“Bad News:” Any information which adversely and seriously affects an individual’s view of his or her future.

I teach Physician Assistant (PA) students the art of the medical interview and this morning had just finished teaching the lecture entitled, “Delivering Bad News.”  I walked the students through the S.P.I.K.E.S model, encouraging them to plan out the Setting, think about the patient Perception, get an Invitation from the patient to present information, impart Knowledge to the patient, explore Emotions and Empathize and then Summarize the news.  We discuss how this is a model for organizing the encounter, but not a rigid structure. I tell the students how it is a privilege to deliver bad news and that how we do this can shape a patient’s experience with this life-changing information.  I explain that one of the challenges of primary care is that we are often dealing with incomplete information, doing the best we can without knowing many of the answers.  I do think that the most important thing that I teach the students to do, though, is to be human. To see the person sitting in front of you. To be kind.


My last patient this Friday afternoon was new to me.  She was around 47 years old and had a cough and chest tightness for over a week that just wouldn’t go away.  And she wasn’t sick.  And she knew something was wrong.  She was a survivor of early adulthood non-Hodgkin’s lymphoma and was 30 years out from her treatment, including chest radiation.  Although she was calm and her exam and vital signs were reassuring, she felt like she couldn’t take in a deep breath.  She was alone today, she hadn’t told her wife yet that she was coming in afraid that she would worry. We both agreed that if she hadn’t previously had cancer, we would “watch and wait” but that today, in her case, an x-ray was warranted.

The films weren’t good.  Bilateral hilar lymph node enlargement.  Patchy perihilar opacities. Fibrotic changes? Scarring? I called the radiologist and he asked when she had developed lung cancer.  Apparently today, I mumbled.

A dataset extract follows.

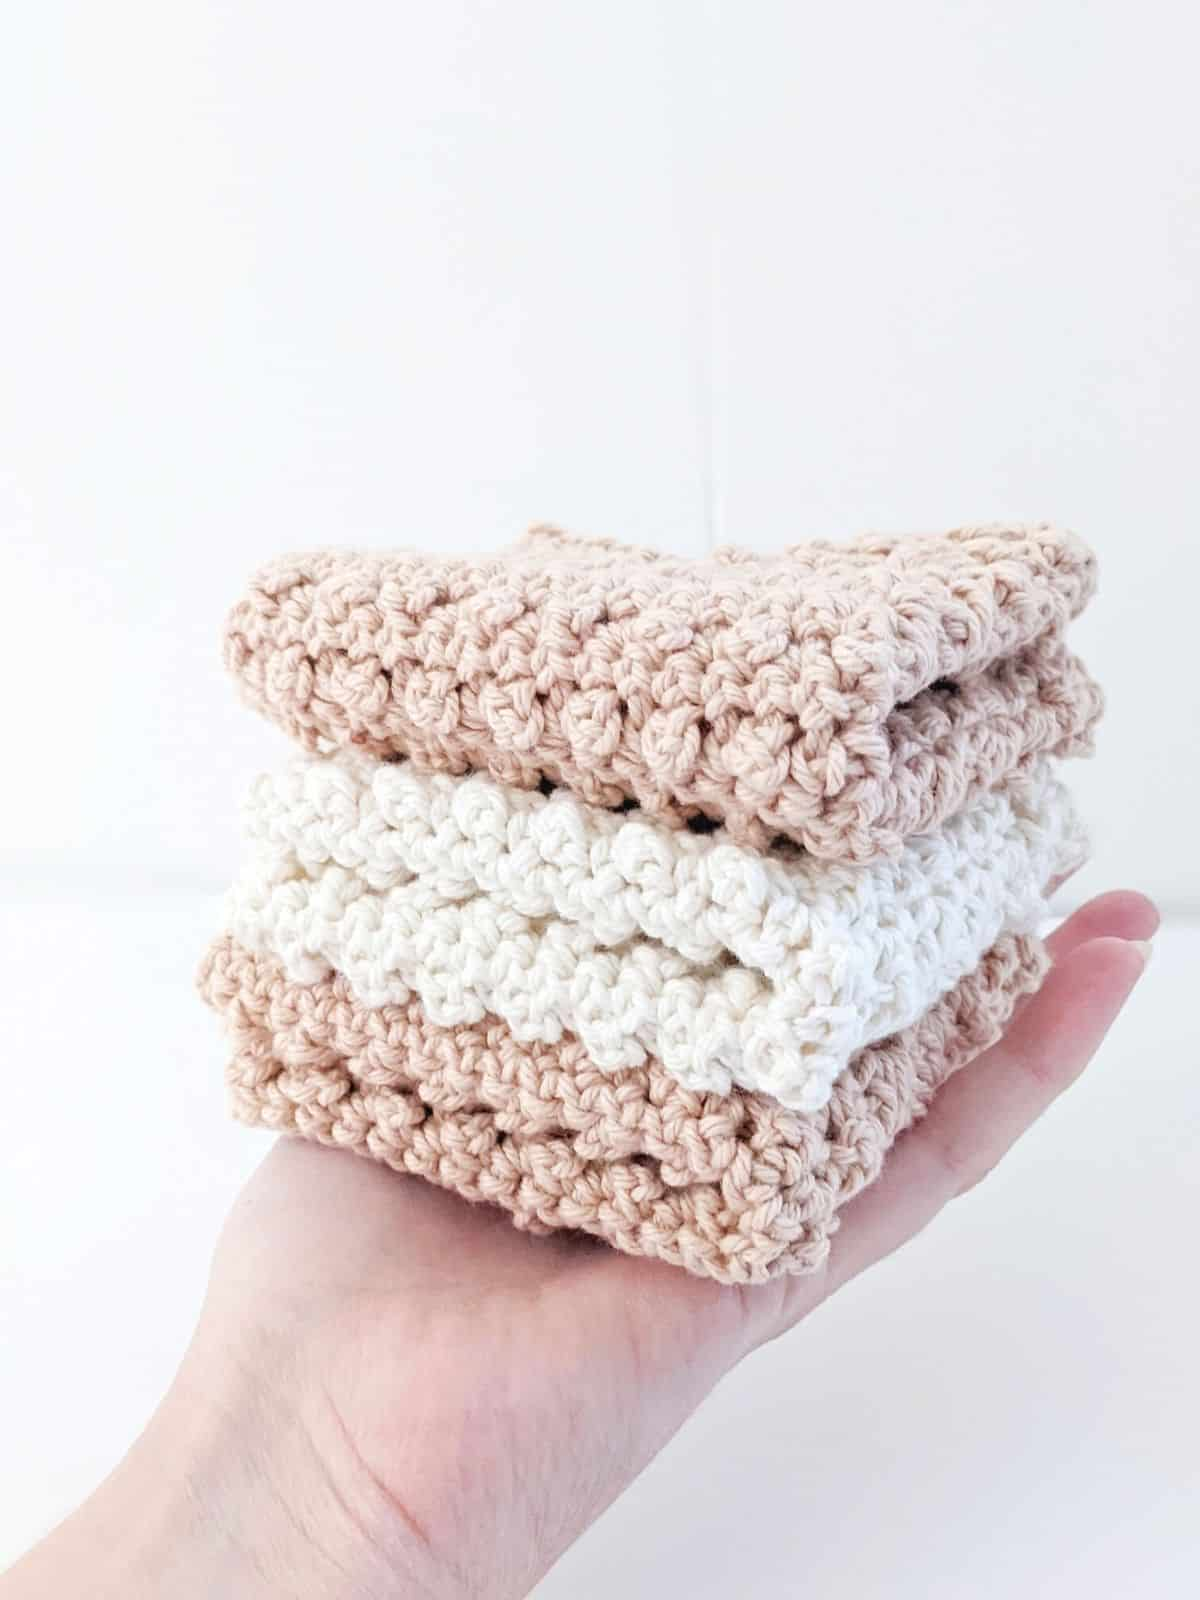 model holding 3 folded crochet dishcloths in the color white and linen

Walking back into the room, I forgot about the model that I had taught so many times.  I just sat next to my patient, we looked at the x-ray together.  She was at one time shocked, but not surprised.  She was sad and had questions that I didn’t know the answers to.  I knew that she needed a CT and labs, that I couldn’t confirm anything today, but that she was sick.  Again.  We discussed telling her wife.  Her kids.  We discussed next steps and trying to stay present.  I gave her my home number and said I would call tomorrow and check in. She said she felt ok to go home.

I got into my car and cried.  I cried for her and her family. For the unfairness of disease and the fact that her treatment for one cancer can cause another.  And, because it’s human nature, I cried for myself.  Five years out from my own cancer treatment, I had figured that sometime in the future I could stop worrying about the headaches that lasted a little too long, the tiny lump or the cough that doesn’t make sense.  That sometime in the future you get to rest and not look for the recurrence or the new disease.

When I could breathe again, I drove home.  I went back to teach on Monday.  I told my students to be human, to see the person sitting in front of you.  Be Kind.


Joanne Rolls, MPAS, PA-C, is a Certified Physician Assistant and an Assistant Professor (Clinical) at the University of Utah School of Medicine, Division of Physician Assistant Studies. She is a Family Medicine PA who serves University of Utah students and patients as a PA educator and Family Medicine PA.